W pierwszej kolejności przy użyciu kupionego dzień wcześniej w markecie sekatora przycięliśmy gałęzie śliwek na całej długości działki. Po co? Po to, żeby nie rysowały mi samochodu podczas przejazdu na "polankę" na jej środku.

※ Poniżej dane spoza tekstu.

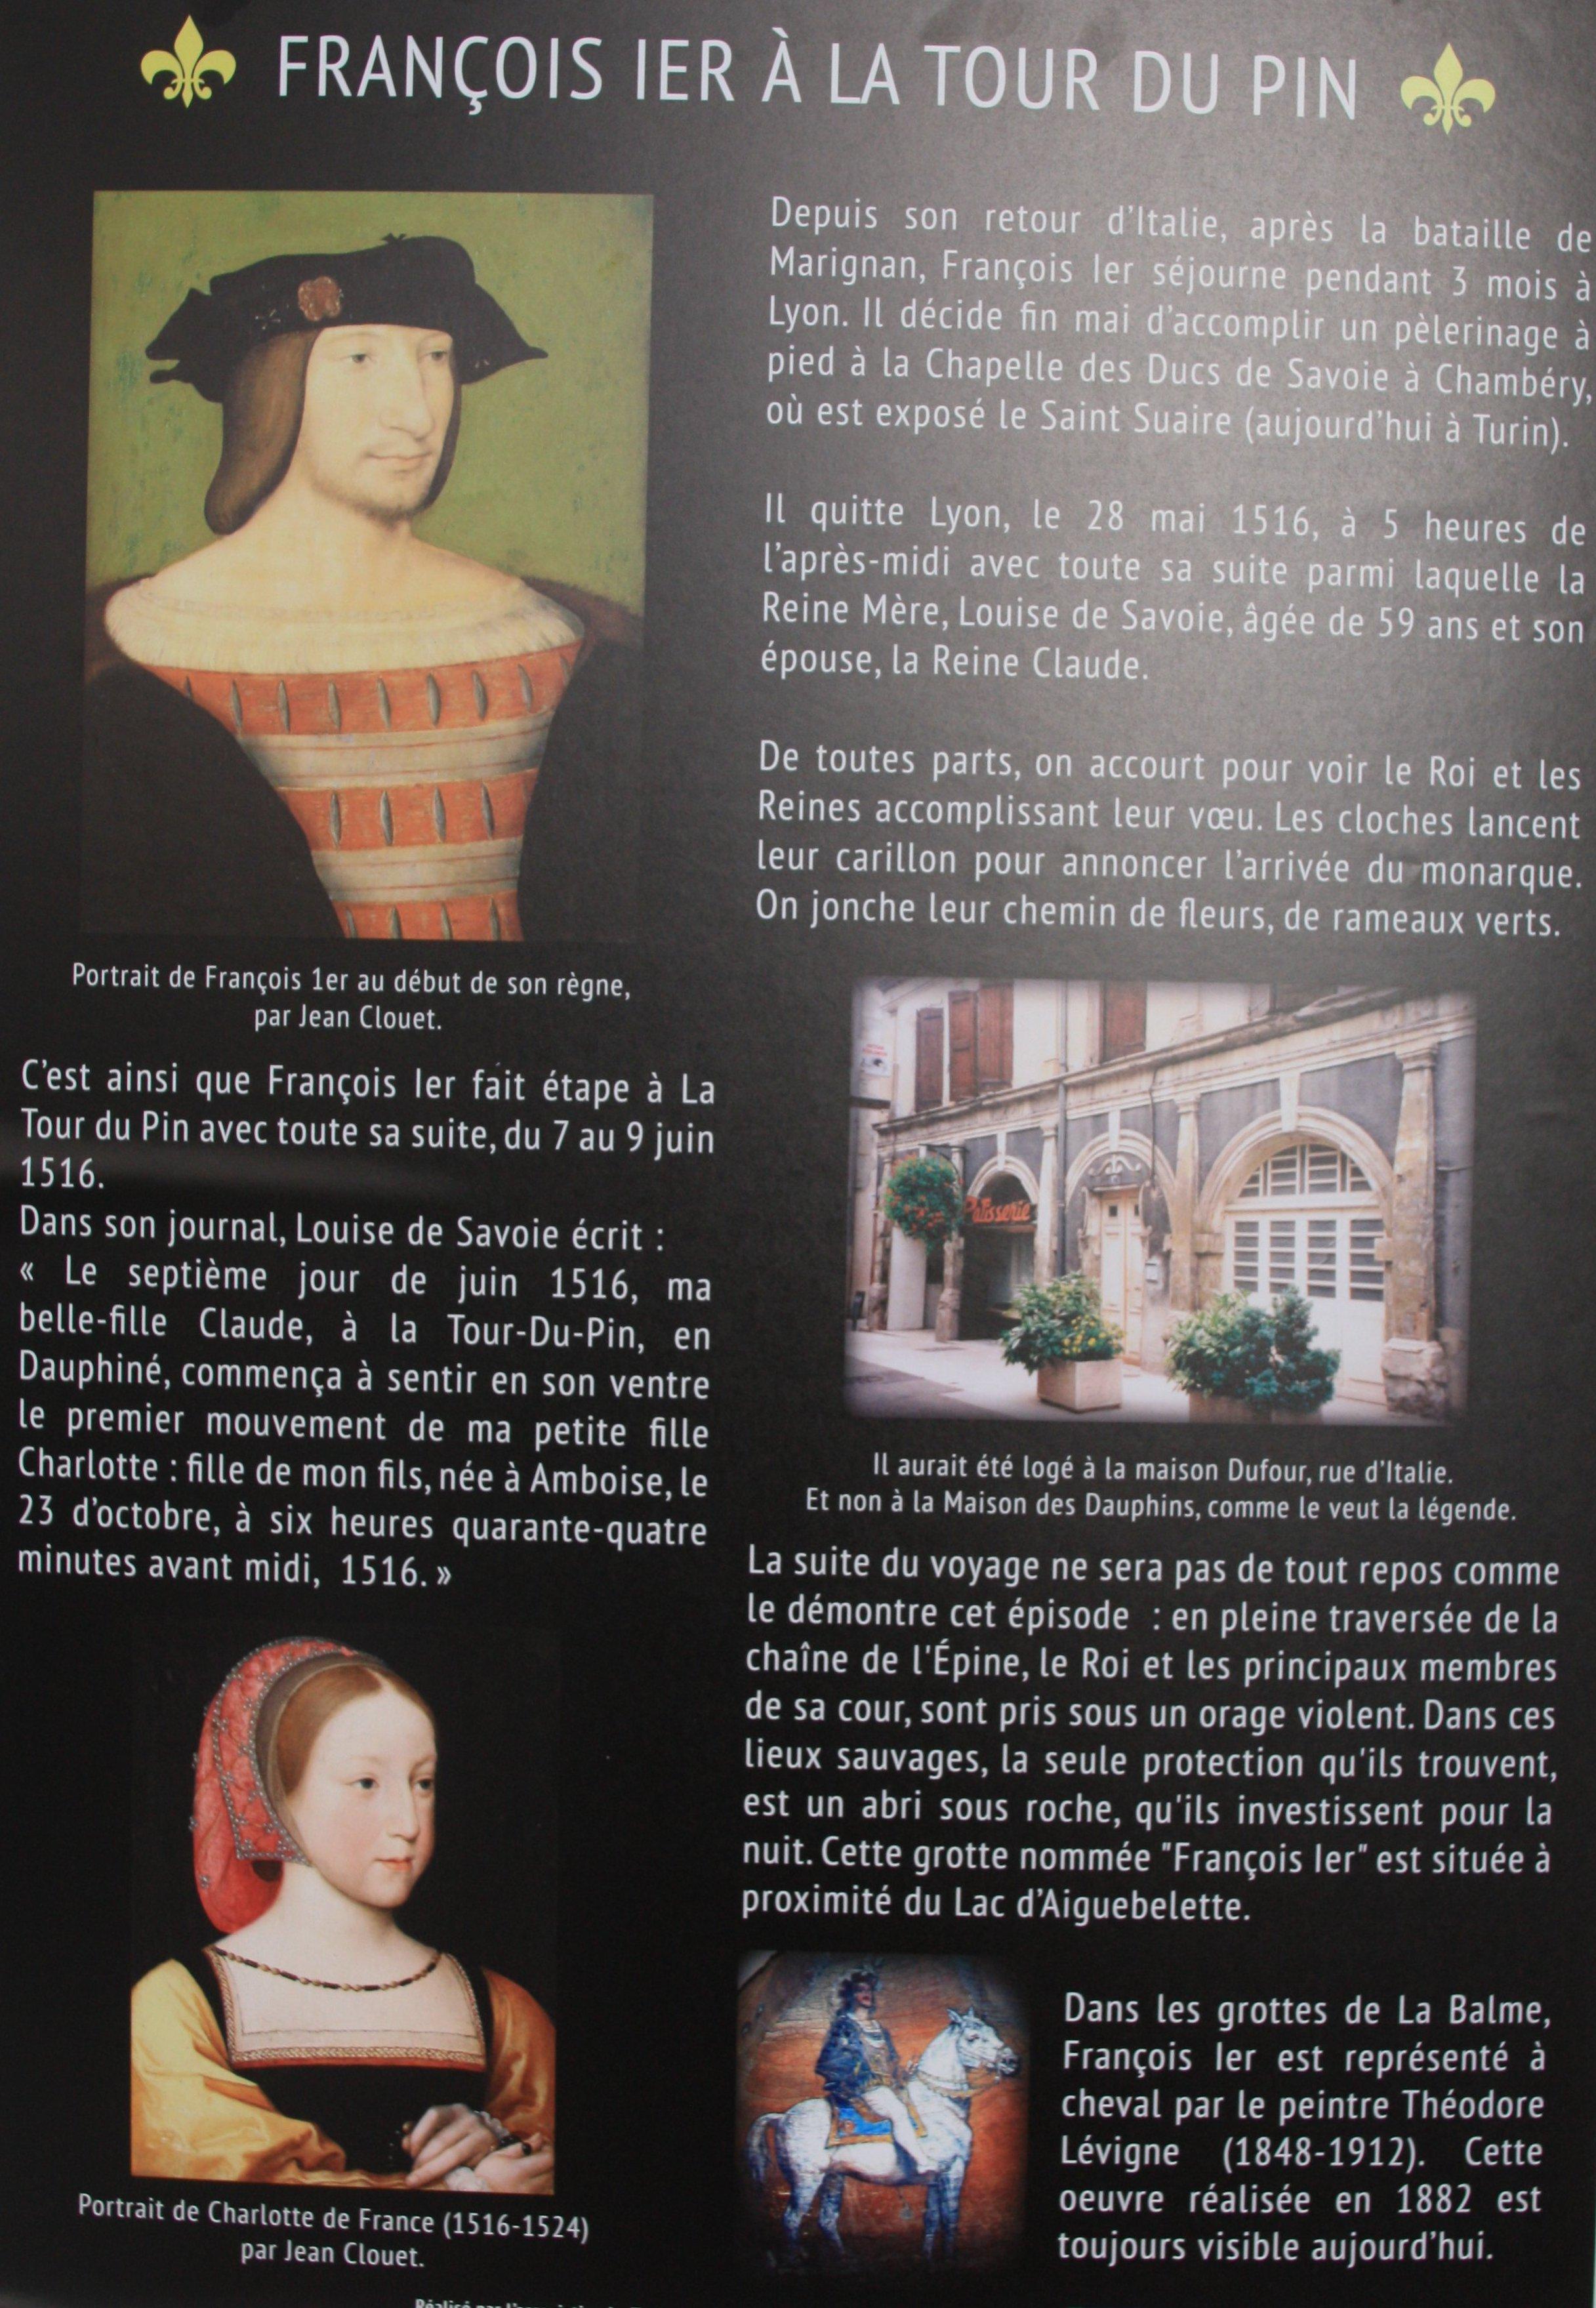 François 1er à La Tour

To trwało bez mała godzinę.
Gdy samochód już został zaparkowany na polance, posadziliśmy na działce choinkę, która stała wcześniej na balkonie. Pozostałość świąt Bożego Narodzenia, nie mogła się doczekać posadzenia do ziemi, bo do lanosa nie bardzo chciałaby się zmieścić.
From Volkswagen Tr... |
Jako ostatnią pracę wykonałem przecinkę w chaszczach. Powstała ścieżka prowadząca na drugą, zalesioną część działki. Tam przekopałem kawałek ziemi, gdzie zachciało mi się mieć ogródek. Do ziemi trafiły dwa ziemniaki i trochę nasionek. Zobaczymy, co z tego wyrośnie. Pewnie niewiele, bo pewnie chwasty wszystko zeżrą. Nic strasznego się nie stanie, nawet jeśli tak będzie. A jak się uda, będziemy mieli dzikie warzywa na działce, bo w tym roku na pewno ich zbierać nie będę. No... może troszkę, dla zasady, dla spróbowania. ;)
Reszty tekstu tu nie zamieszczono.